American mobile network provider

Assurance Wireless USA, L.P. is a telephone service subsidized by the federal Lifeline Assistance program, a government benefit program supported by the federal Universal Service Fund. The service provides to low-income eligible people a free phone, free monthly data, unlimited texting, and free monthly minutes. Assurance Wireless users do not receive a bill, are not required to sign a contract, and do not pay activation fees or recurring fees. Founded in 2009, Assurance Wireless has used the T-Mobile network for coverage since 2020.

According to Hotspot Setup, "the two largest providers of free mobile phones are Safelink Wireless and Assurance Wireless, which are available in more states than other providers." Assurance Wireless users may bring their own unlocked device as they are not required to use an Assurance issued wireless phone.

== Eligibility ==
By meeting certain income requirements or by qualifying for certain federal and/or state assistance programs, US citizens are entitled to enroll for the free phone and monthly service. One phone per household is allowed and at least one call or text per 30-day period with the phone is required to maintain service.

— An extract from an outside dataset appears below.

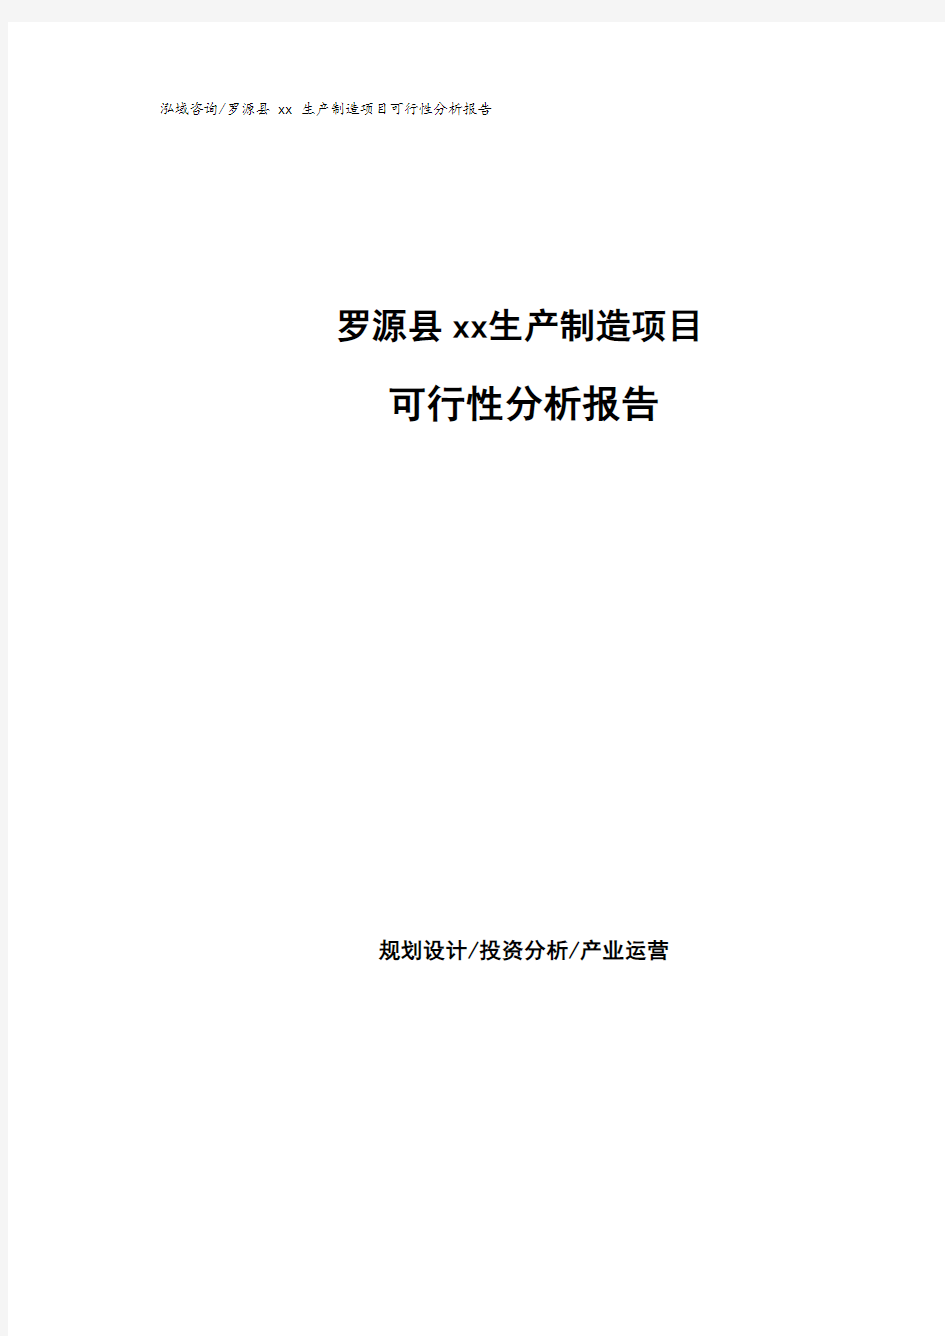 罗源县可行性研究报告(代项目建议书).pdf

As of 2024, Assurance Wireless service is available to qualifying residents in the Contiguous United States including Washington, D.C.

== Ownership ==
Since April 2020, the Assurance Wireless brand has been under the T-Mobile family. This was the result of the merger of Sprint Corporation and T-Mobile US was officially completed, and after Virgin Mobile USA was officially shut down and folded into Boost Mobile. On July 14, 2020, an official statement was sent to all customers, stating that all customers would continue to have the same minutes, data, and service, but now on the T-Mobile network.

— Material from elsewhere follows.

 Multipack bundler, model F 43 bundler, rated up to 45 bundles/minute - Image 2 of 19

Before the merger in 2019, T-Mobile President Mike Sievert said in a statement to USA Today, "The digital divide is real and we want to help eliminate it. We have pledged that the new T-Mobile will maintain the existing T-Mobile and Sprint Lifeline program throughout the country indefinitely, barring fundamental changes to today's program."

== Pre-installed software ==
In 2019, it was discovered that cell phones being sold by Assurance Wireless came with unremovable Chinese malware preinstalled.